### DATA SECTION
________________________________________
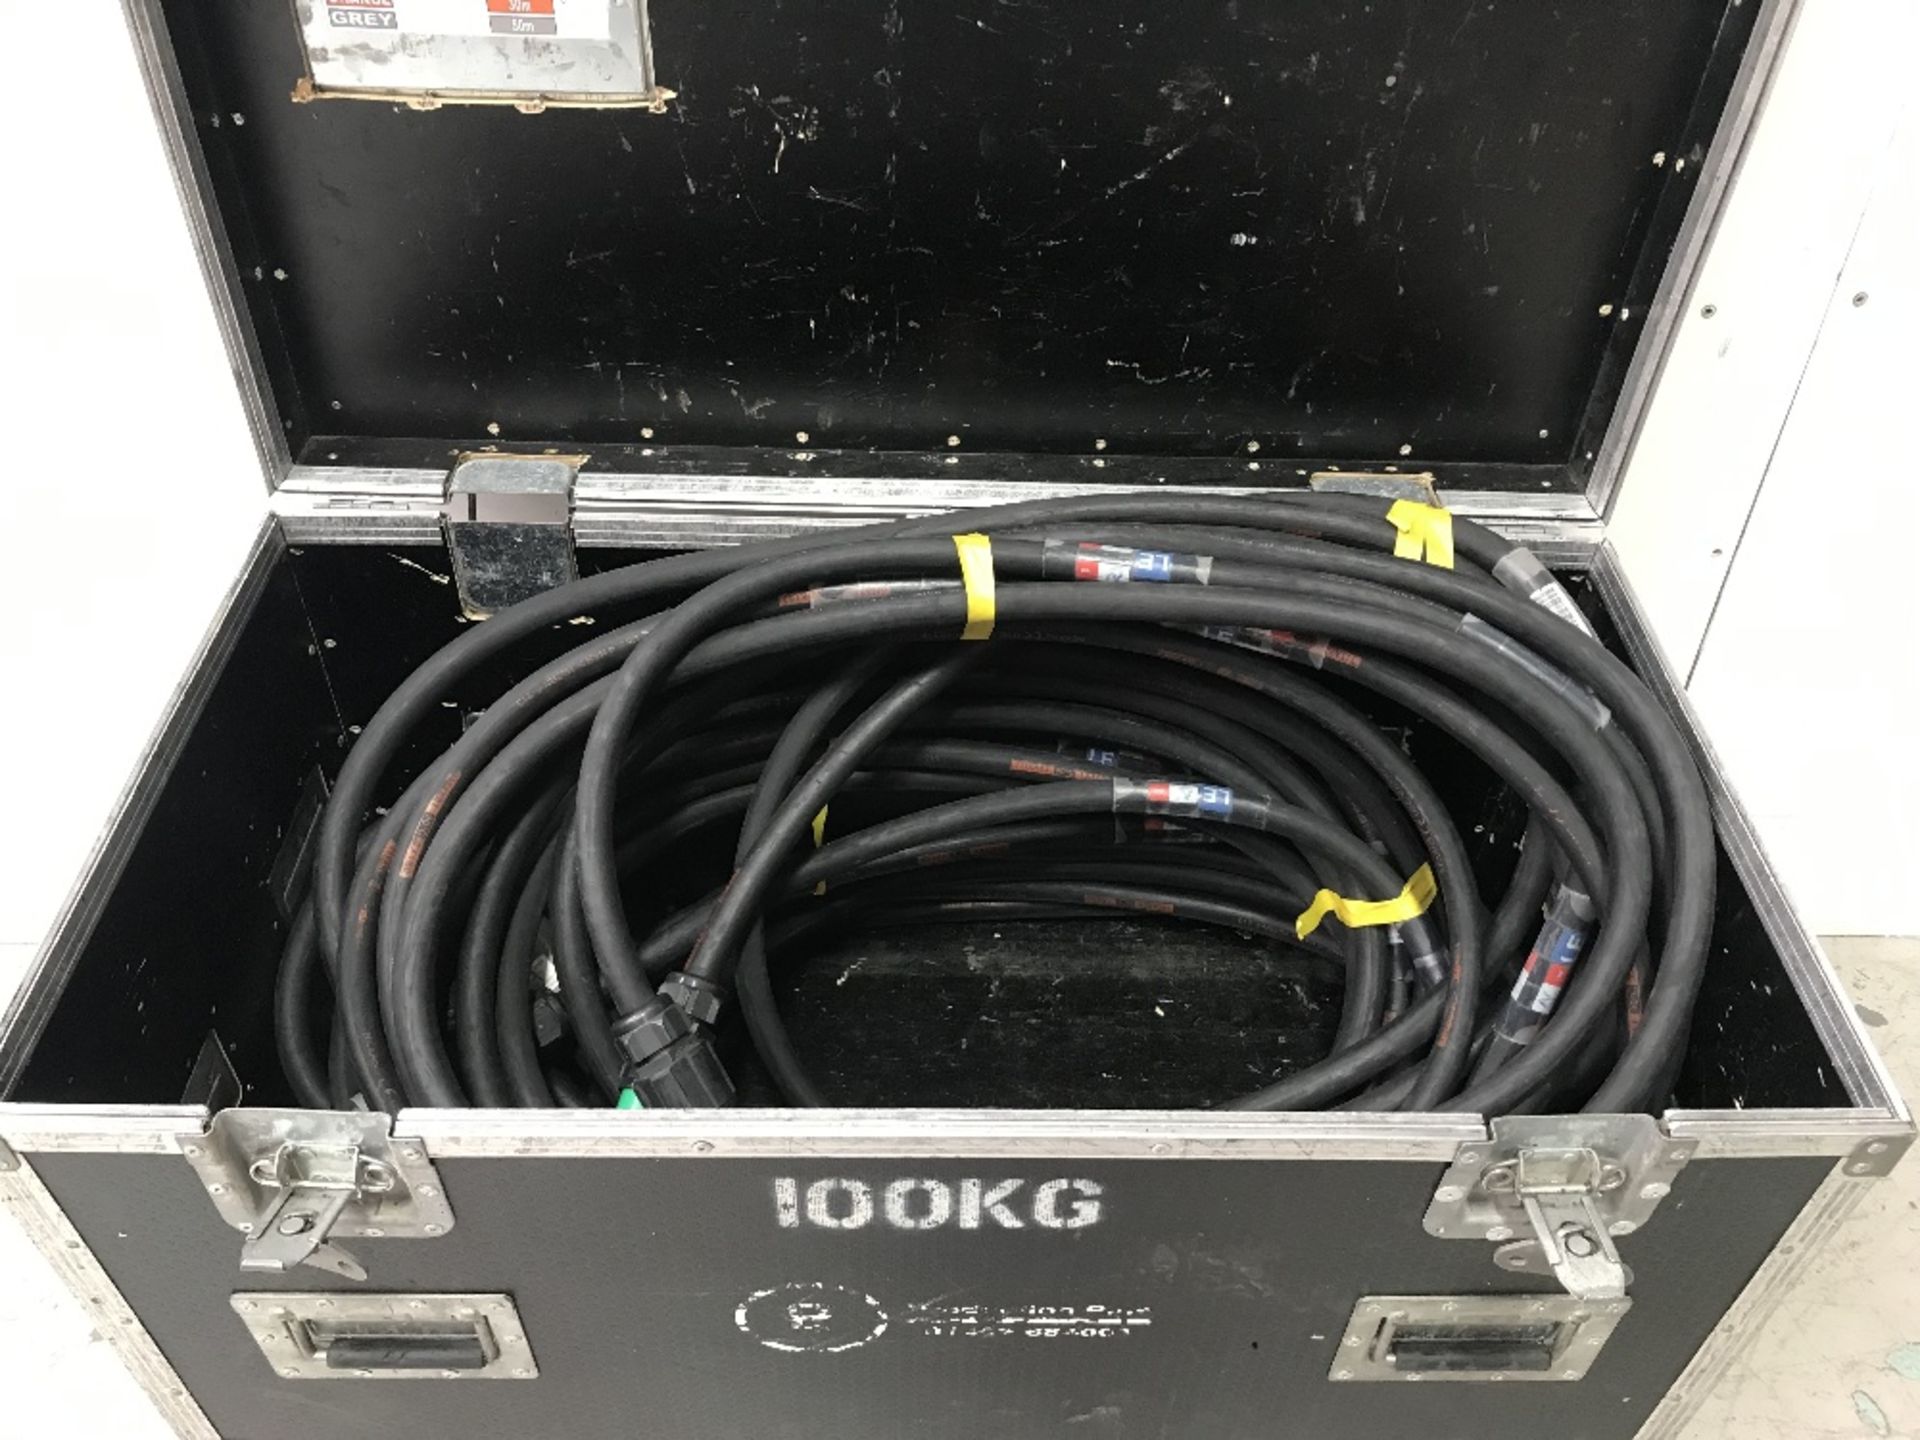 Euro Tour Grade 4ft Mobile Cable Trunk With Contents 10m Powerlock Cable
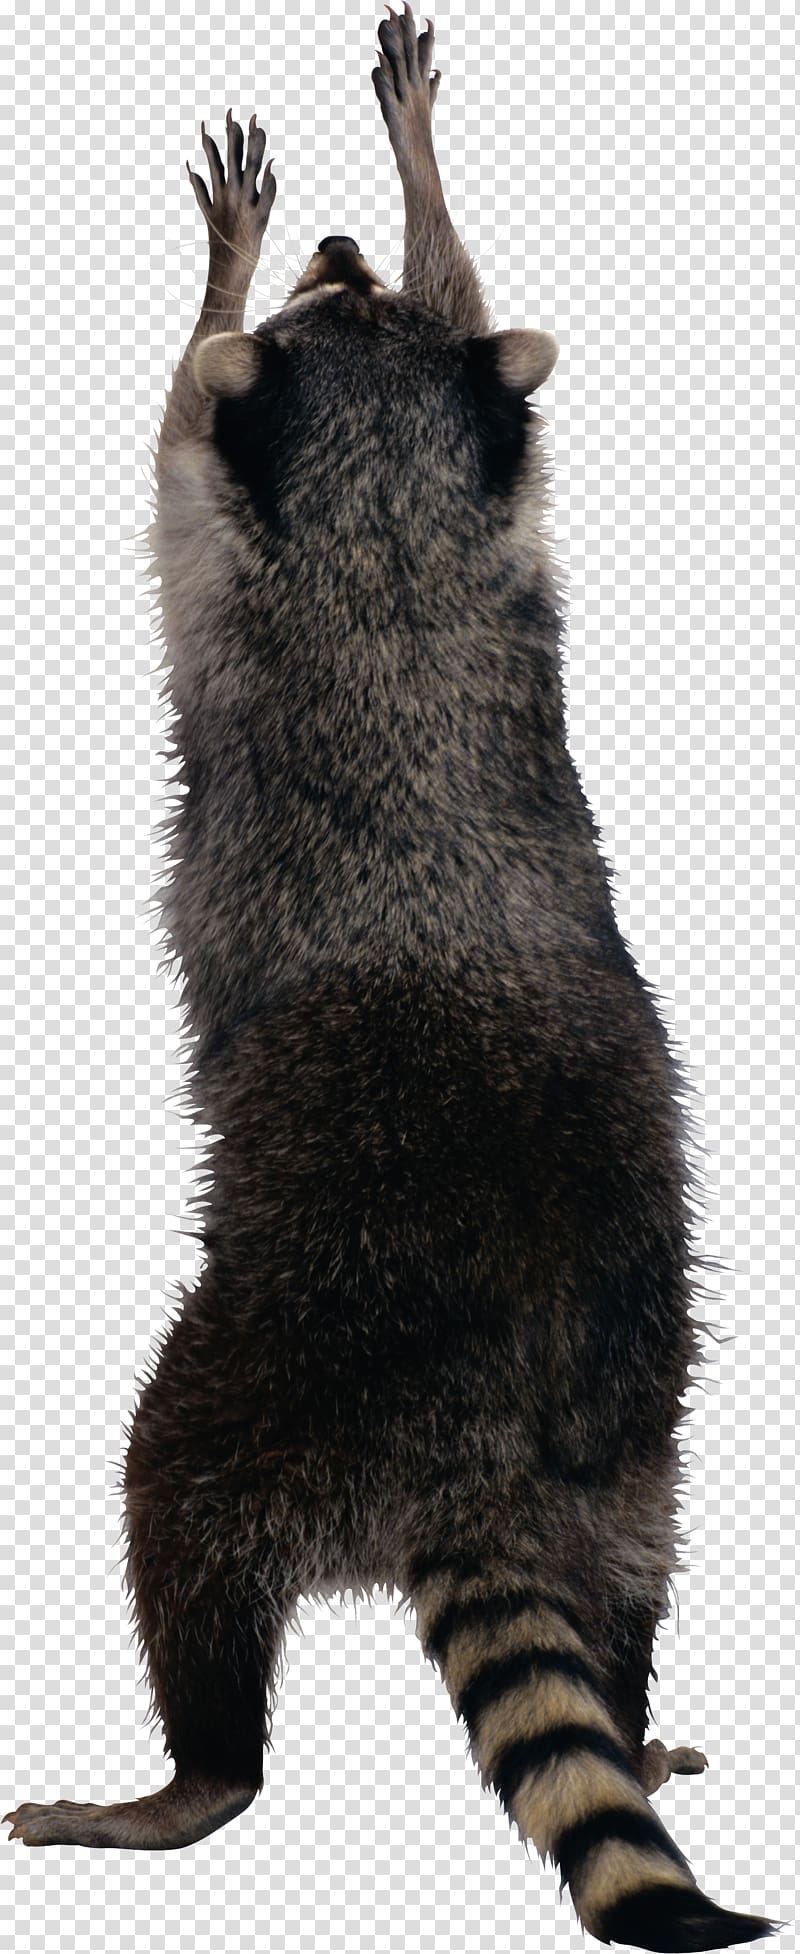 Raccoon Squirrel, Raccoon transparent background PNG clipart
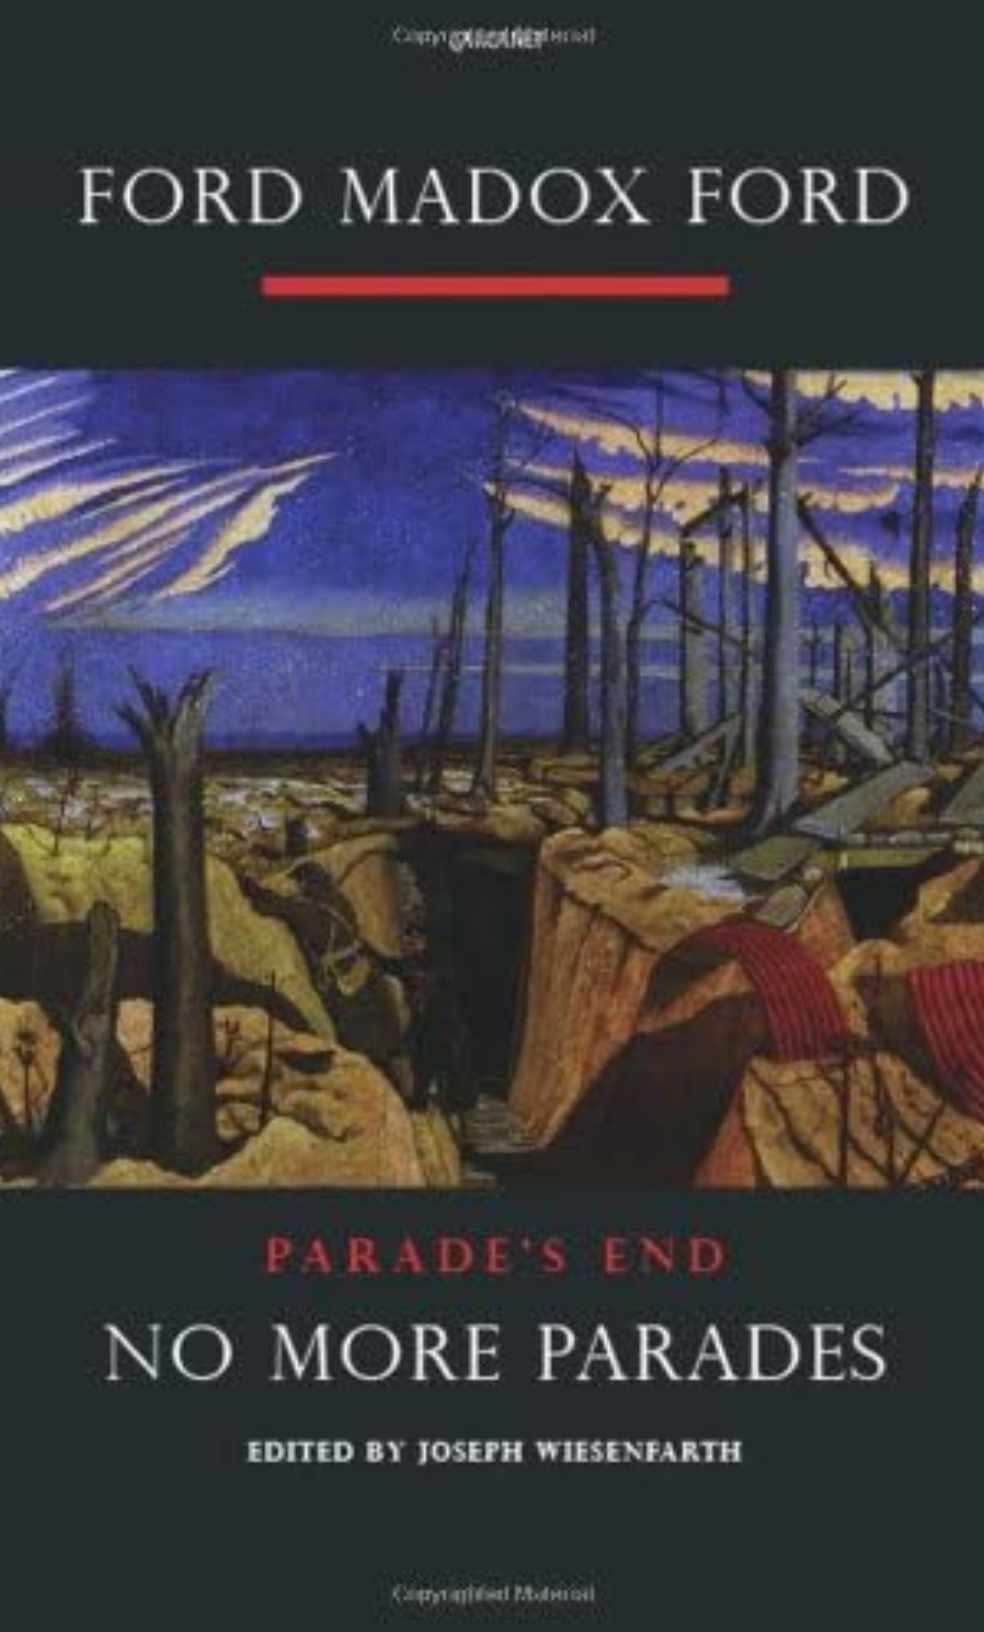 Parade's End: No More Parades by Ford Madox Ford
________________________________________
### TO DO
Every line of the listing above is to be set down verbatim, without the pictures.

### TASK ANSWER
 Euro Tour Grade 4ft Mobile Cable Trunk With Contents 10m Powerlock Cable
 Raccoon Squirrel, Raccoon transparent background PNG clipart
 Parade's End: No More Parades by Ford Madox Ford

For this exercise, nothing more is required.